DARC: 대규모 언어 모델 진화를 위한 비결합 비대칭 추론 커리큘럼

초록

대규모 언어 모델을 활용한 자기 대전은 자기 향상 인공 지능을 실현하기 위한 유망한 패러다임으로 부상했습니다. 그러나 기존 자기 대전 프레임워크는 (i) 질문자에 대한 솔버 의존적 보상 피드백으로 인한 비정적 목표와 (ii) 솔버를 지도하는 데 사용되는 자체 생성 의사 레이블의 부트스트래핑 오류로 인해 최적화 불안정성을 겪는 경우가 많습니다. 이러한 문제를 완화하기 위해 우리는 자기 진화 과정을 안정화하는 2단계 프레임워크인 DARC(Decoupled Asymmetric Reasoning Curriculum)를 제안합니다. 첫째, 명시적 난이도와 외부 코퍼스를 조건으로 하여 질문자가 난이도가 보정된 질문을 합성하도록 훈련합니다. 둘째, 문서 증강 교사가 문서 접근 권한이 없는 학생 솔버를 지도하는 고품질 의사 레이블을 생성하는 비대칭 자기 지식 증류 메커니즘으로 솔버를 훈련합니다. 실험 결과에 따르면 DARC는 모델에 독립적으로 적용 가능하며, 9개의 추론 벤치마크와 3개의 백본 모델에서 평균 10.9점의 성능 향상을 보였습니다. 또한 DARC는 모든 베이스라인을 일관되게 능가하며 인간 주석에 의존하지 않으면서 완전 지도 모델의 성능에 근접했습니다. 코드는 https://github.com/RUCBM/DARC에서 확인할 수 있습니다.

English

Self-play with large language models has emerged as a promising paradigm for achieving self-improving artificial intelligence.

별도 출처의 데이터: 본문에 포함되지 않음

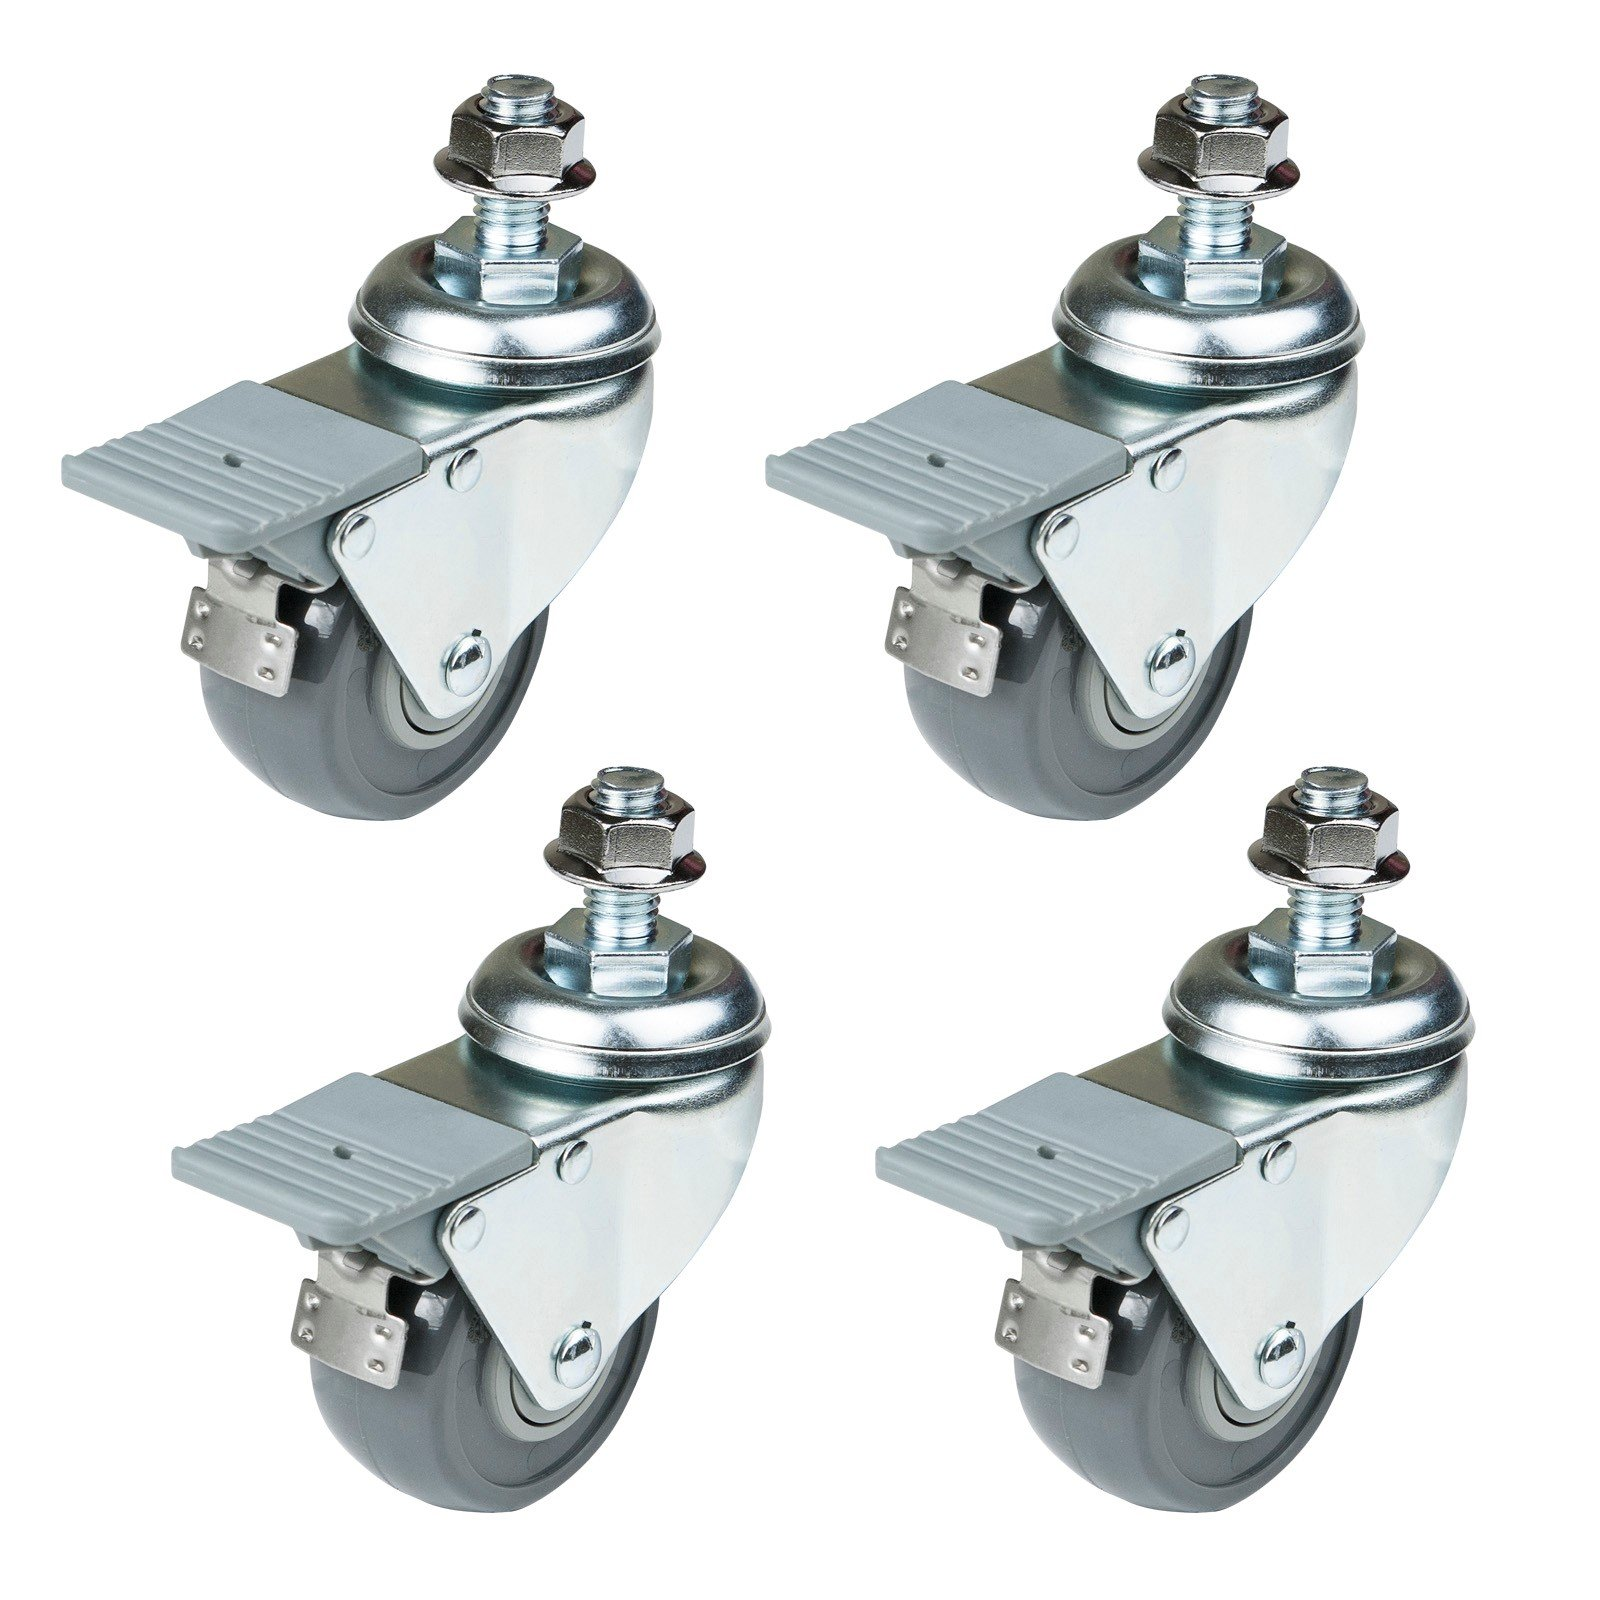 POWERTEC 17202 Dual-Locking Swivel Caster Set, 4-Pack 4, 2-3/8-Inch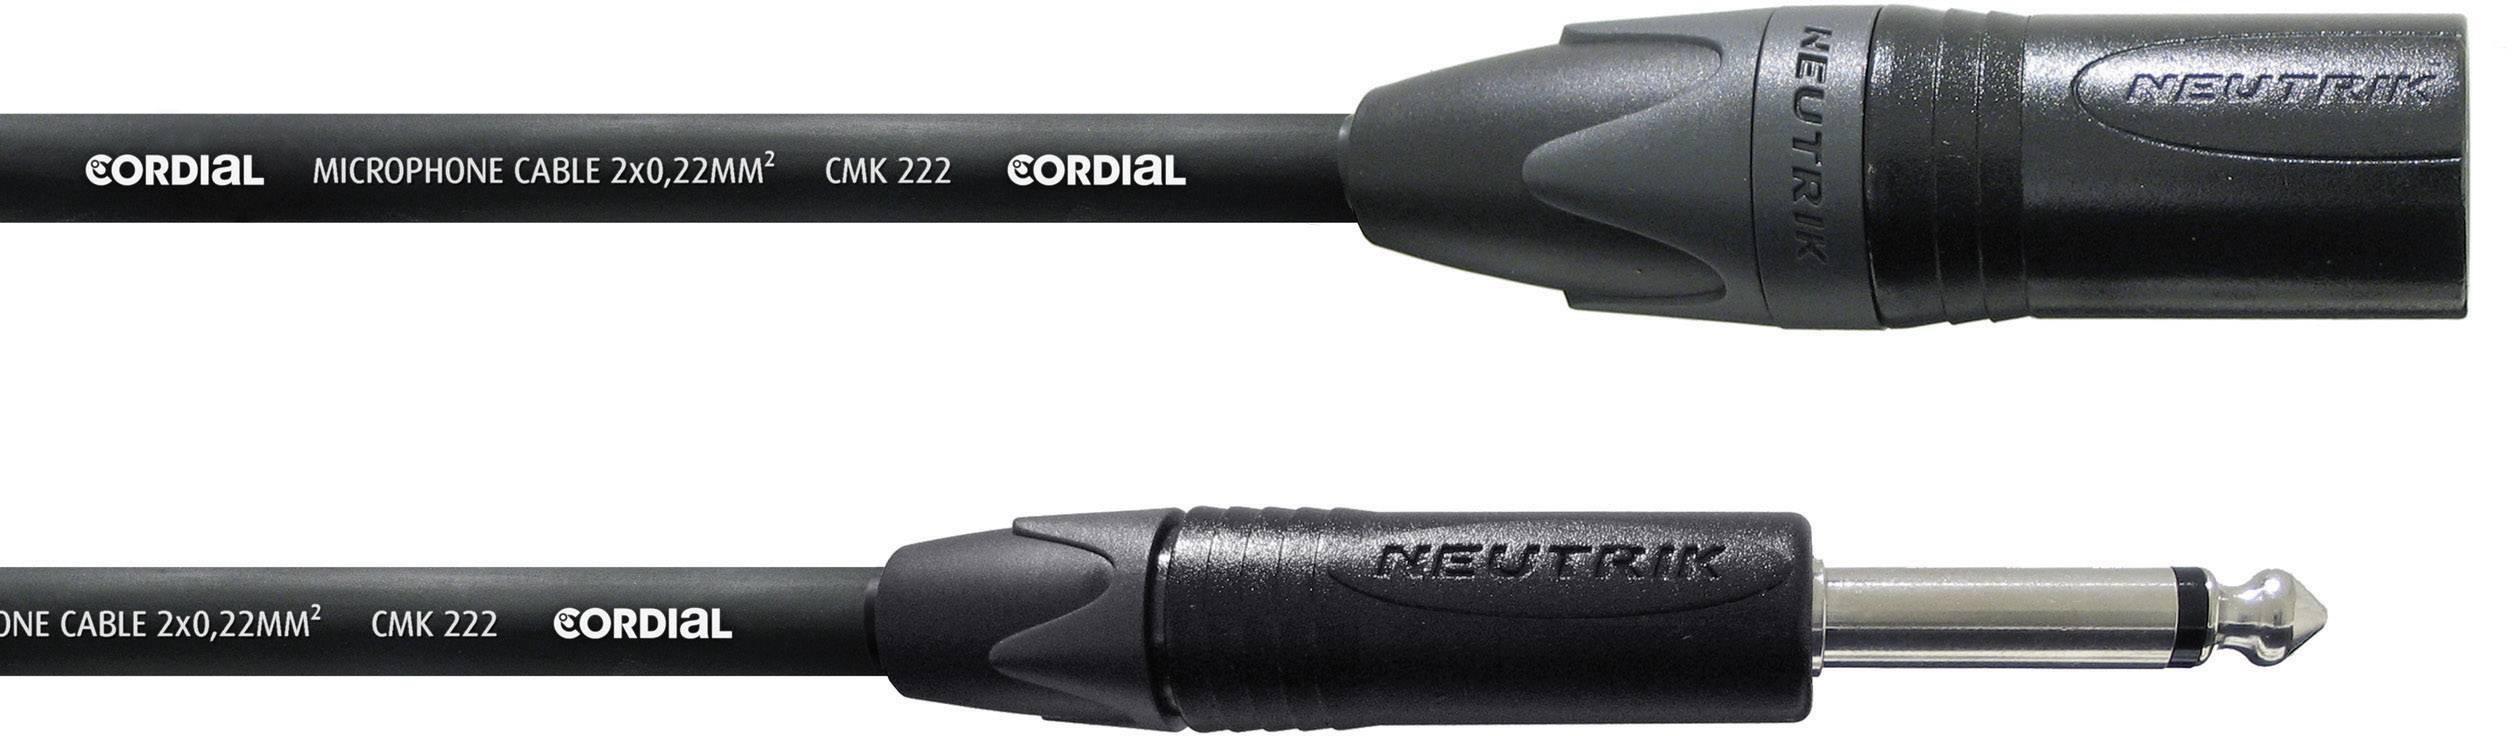 Mikrofónny XLR káblový adaptér Cordial CPM 10 MP CPM 10 MP, 10 m, čierna

However, existing self-play frameworks often suffer from optimization instability, due to (i) non-stationary objectives induced by solver-dependent reward feedback for the Questioner, and (ii) bootstrapping errors from self-generated pseudo-labels used to supervise the Solver. To mitigate these challenges, we introduce DARC (Decoupled Asymmetric Reasoning Curriculum), a two-stage framework that stabilizes the self-evolution process. First, we train the Questioner to synthesize difficulty-calibrated questions, conditioned on explicit difficulty levels and external corpora. Second, we train the Solver with an asymmetric self-distillation mechanism, where a document-augmented teacher generates high-quality pseudo-labels to supervise the student Solver that lacks document access. Empirical results demonstrate that DARC is model-agnostic, yielding an average improvement of 10.9 points across nine reasoning benchmarks and three backbone models. Moreover, DARC consistently outperforms all baselines and approaches the performance of fully supervised models without relying on human annotations.The code is available at https://github.com/RUCBM/DARC.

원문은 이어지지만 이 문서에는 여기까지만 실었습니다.